VI. What References Are on Display?

The following reference has been placed on display in the Division of Dockets Management (HFA-305), Food and Drug Administration, 5630 Fishers Lane, rm. 1061, Rockville, MD 20852, and may be seen by interested persons between 9 a.m. and 4 p.m., Monday through Friday.

1. Petition from Quick-Med Technologies, Inc., May 10, 2007.

List of Subjects in 21 CFR Part 878

• Medical devices

Therefore, under the Federal Food, Drug, and Cosmetic Act and under authority delegated to the Commissioner of Food and Drugs, 21 CFR part 878 is amended as follows:

PART 878—GENERAL AND PLASTIC SURGERY DEVICES

1. The authority citation for 21 CFR part 878 continues to read as follows:

Authority: 21 U.S.C. 351, 360, 360c, 360e, 360j, 360l, 371.

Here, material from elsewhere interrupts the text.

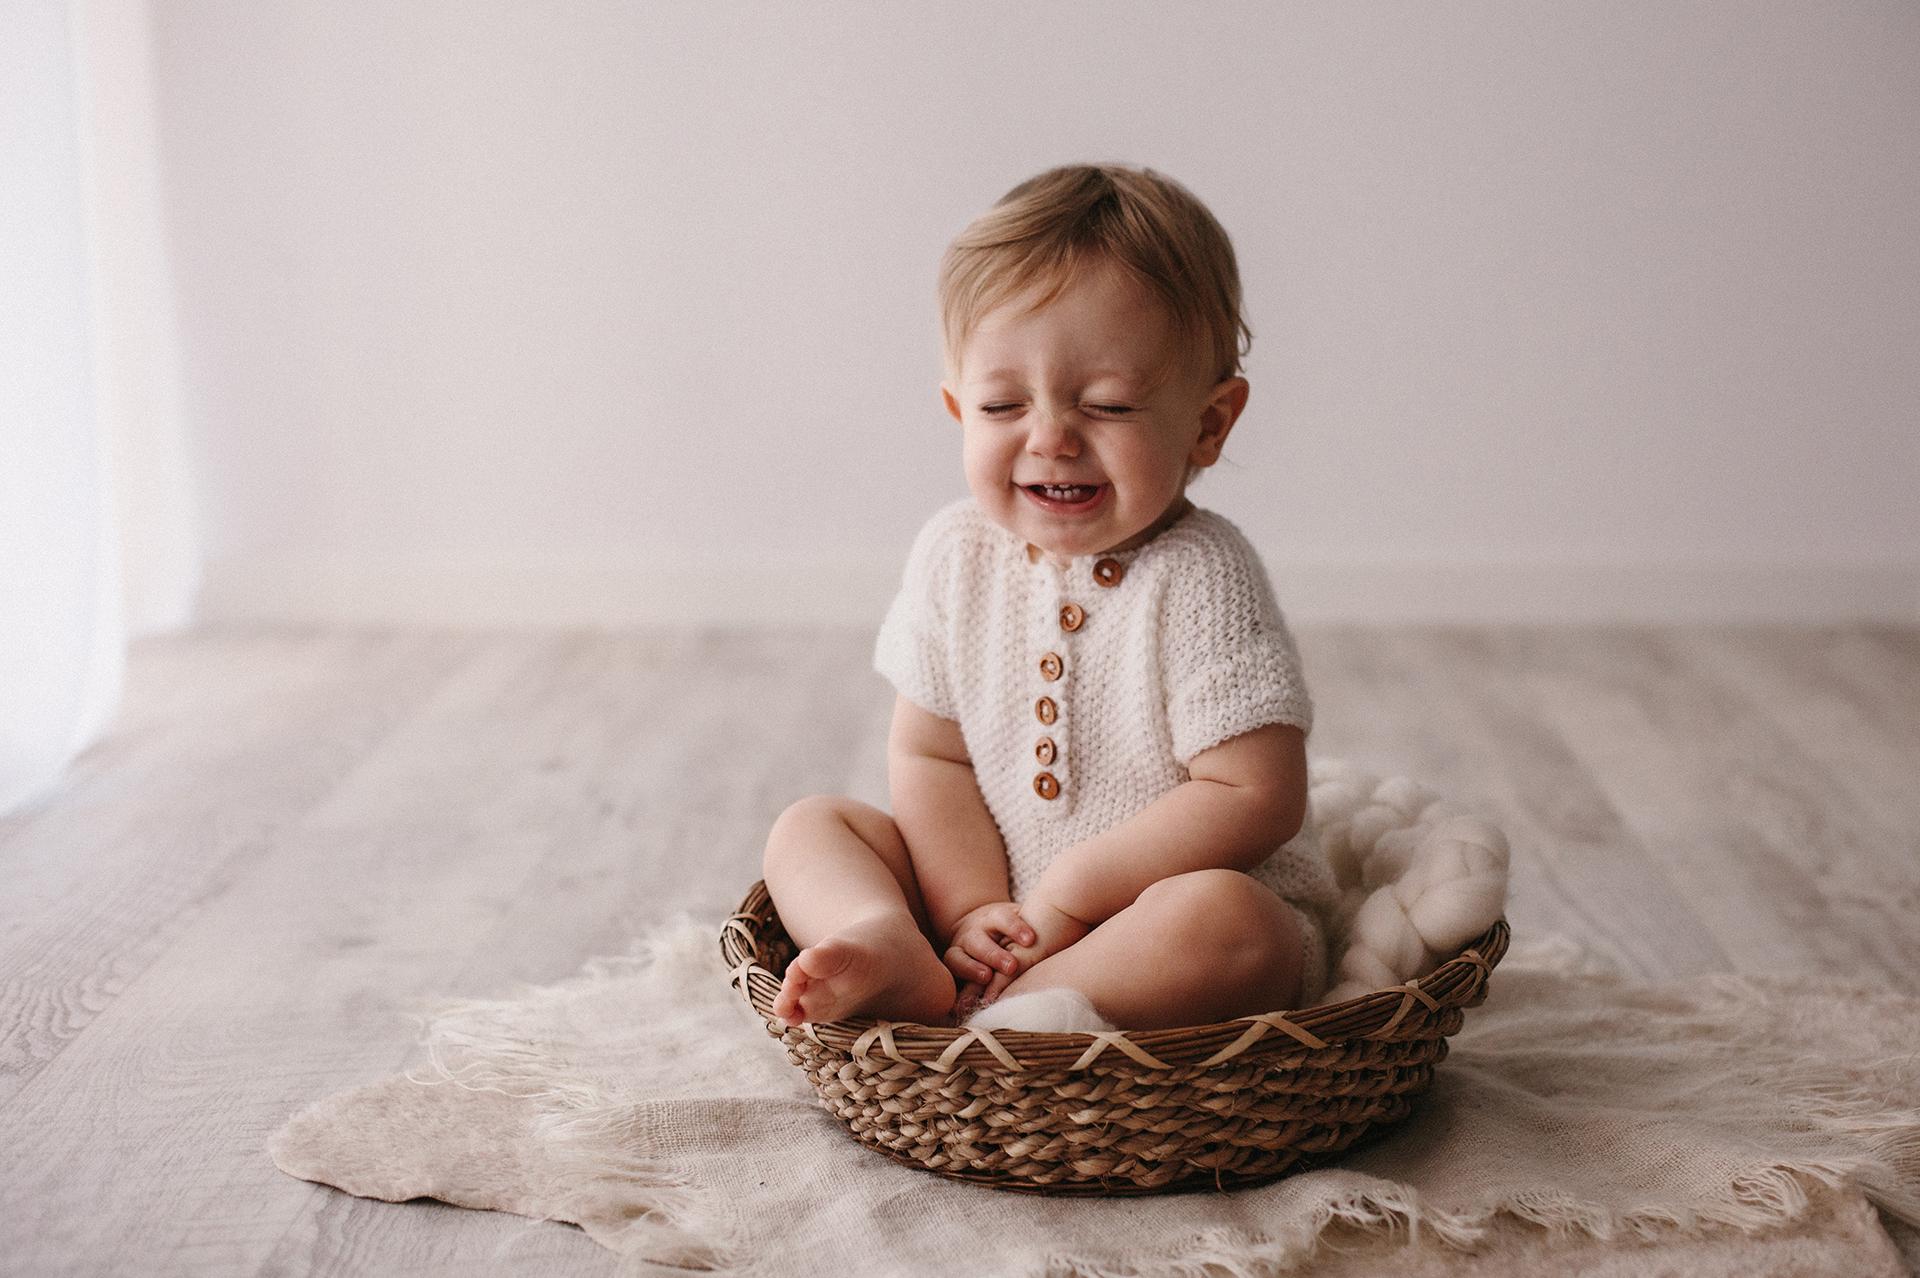 bebè ride nel cestino

2. Section 878.4015 is added to subpart E to read as follows:

(a) Identification. A wound dressing with pDADMAC additive is intended for use as a primary dressing for exuding wounds, 1st and 2d degree burns, and surgical wounds, to secure and prevent movement of a primary dressing, and as a wound packing.

(b) Classification. Class II (special controls). The special control is: the FDA guidance document entitled “Class II Special Controls Guidance Document: Wound Dressing With Poly (Diallyl Dimethyl Ammonium Chloride) (pDADMAC) Additive.” See § 878.1(e) for availability of this guidance document.